Search code examples
scalaapache-kafkaspark-streamingoffset

"object Assign in package kafka010 cannot be accessed " facing issue during kafka ofset mgt


Environment: Kafka 10, Spark2.1

I am trying to store Kakfa offset external storage. After going through Apache Spark web site,and some online research, I was able to write following code.
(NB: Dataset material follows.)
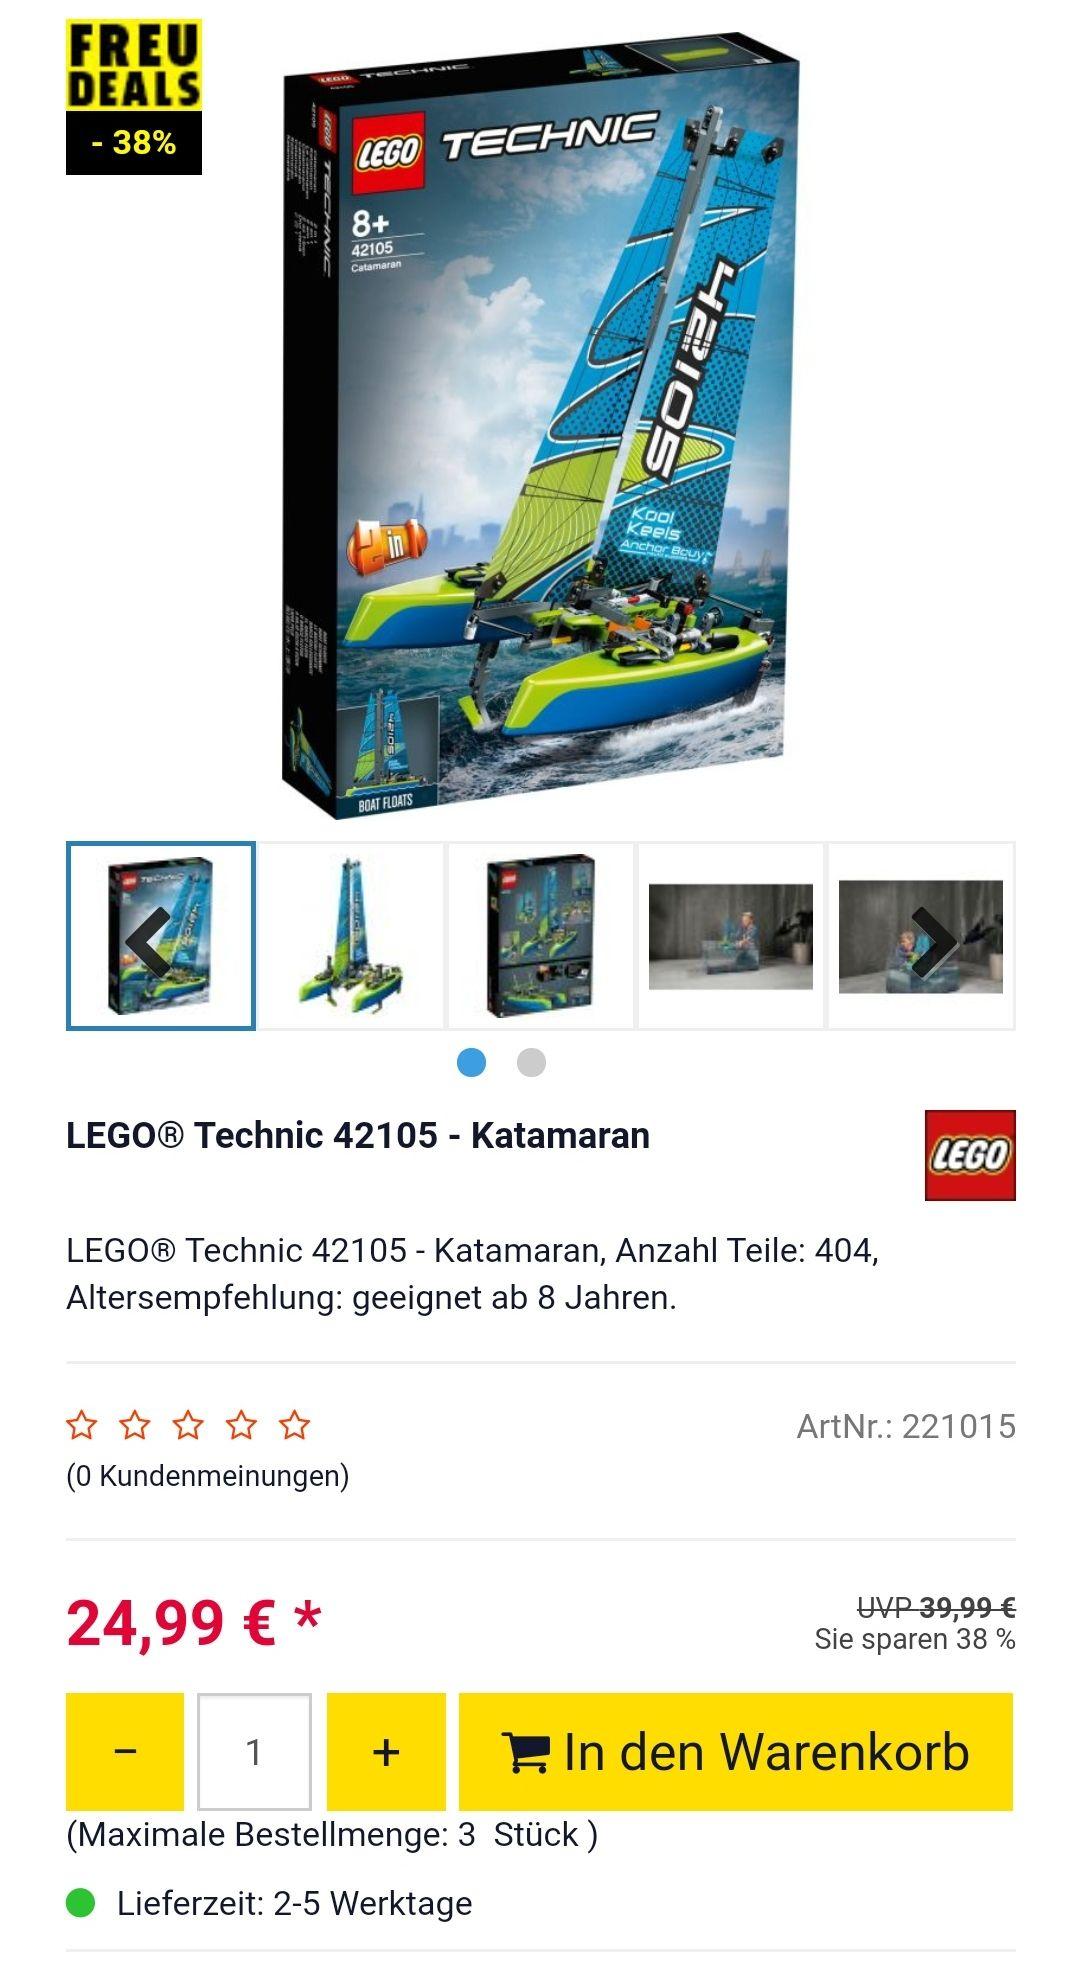 Lego Technic 42105 - Katamaran
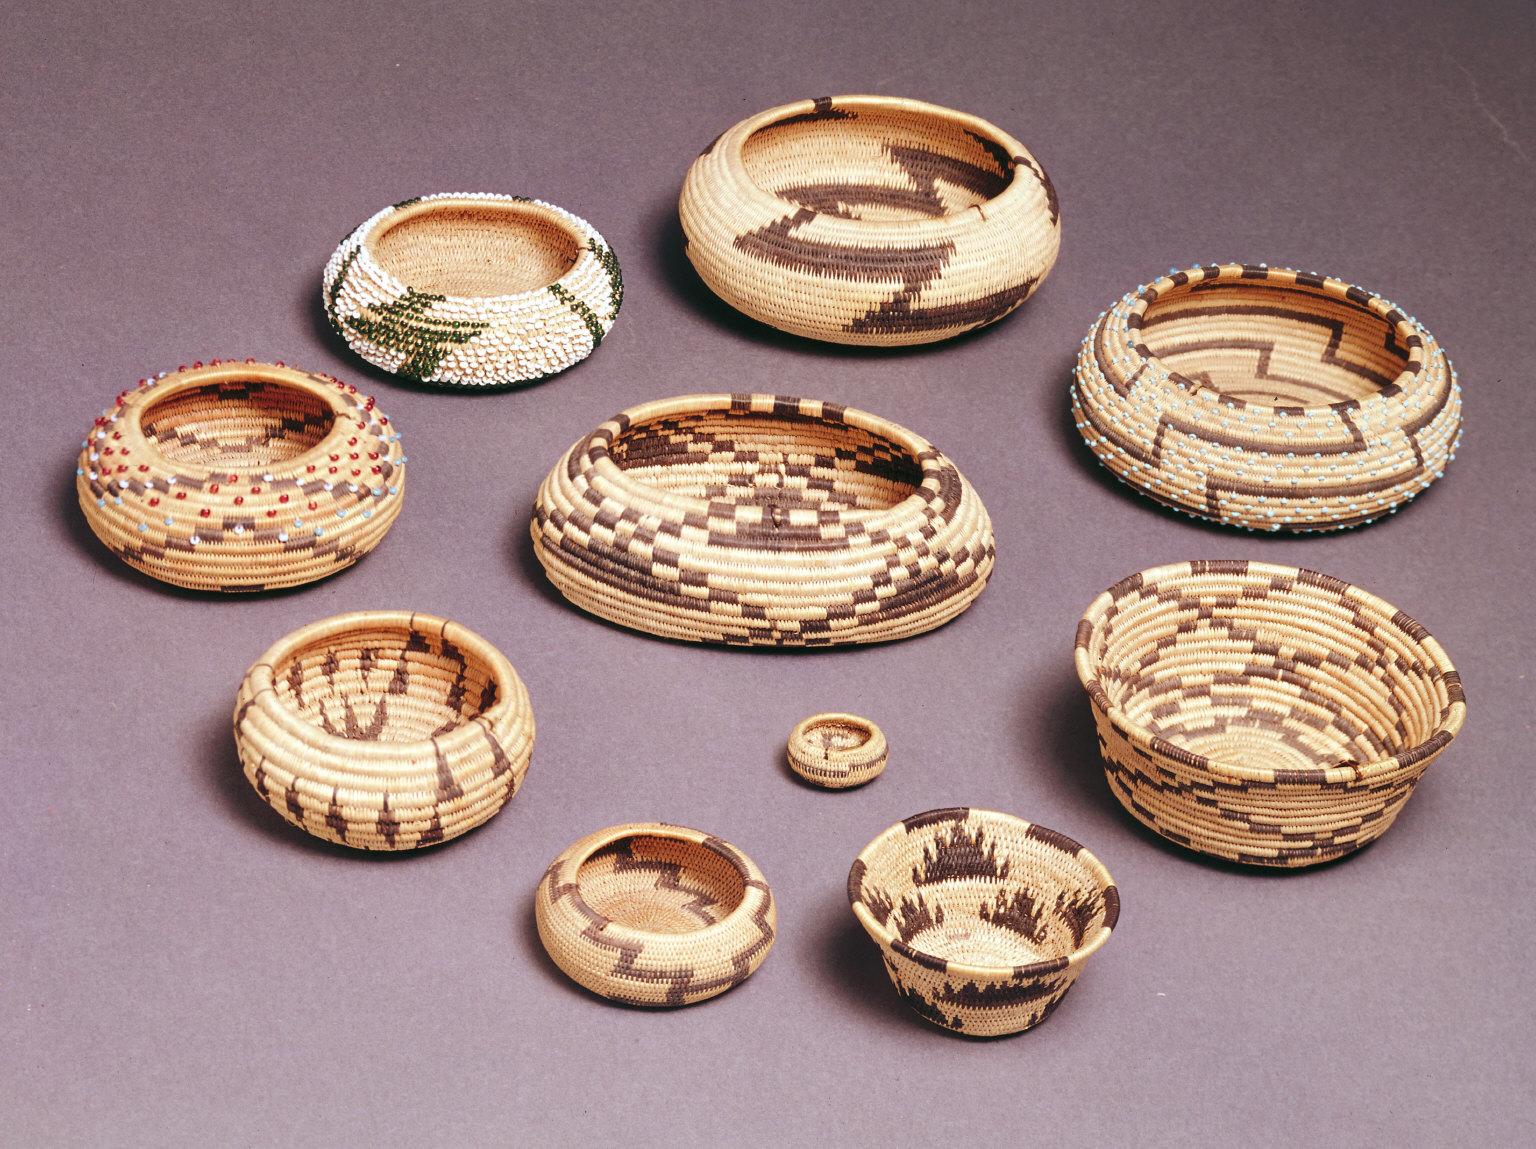 Basket with three miniature baskets inside

Now getting error-

"Error:(190, 7) object Assign in package kafka010 cannot be accessed in package org.apache.spark.streaming.kafka010
  Assign[String, String](fromOffsets.keys.toList, kafkaParams, fromOffsets)"

My code:

import com.typesafe.config.{ConfigFactory, ConfigValueFactory}
           import org.apache.kafka.clients.consumer.{ConsumerRecord, KafkaConsumer}
           import org.apache.kafka.common.TopicPartition
           import org.apache.spark.{SparkConf, SparkContext, TaskContext}
           import org.apache.spark.rdd.RDD
           import org.apache.spark.sql.{Row, SparkSession}
           import org.apache.spark.streaming.dstream.InputDStream
           import org.apache.spark.streaming.kafka010._
           import org.apache.spark.streaming.{Seconds, StreamingContext}
           import org.apache.spark.sql.functions._
           import org.apache.spark.sql.types.{StringType, StructField, StructType}

           object offTest {
             def main(args: Array[String]) {

           val Array(impalaHost, brokers, topics, consumerGroupId, ssl, truststoreLocation, truststorePassword, wInterval) = args

               val sparkSession = SparkSession.builder
                 .config("spark.hadoop.parquet.enable.summary-metadata", "false")
                 .enableHiveSupport()
                 .getOrCreate

               val ssc = new StreamingContext(sparkSession.sparkContext, Seconds(wInterval.toInt))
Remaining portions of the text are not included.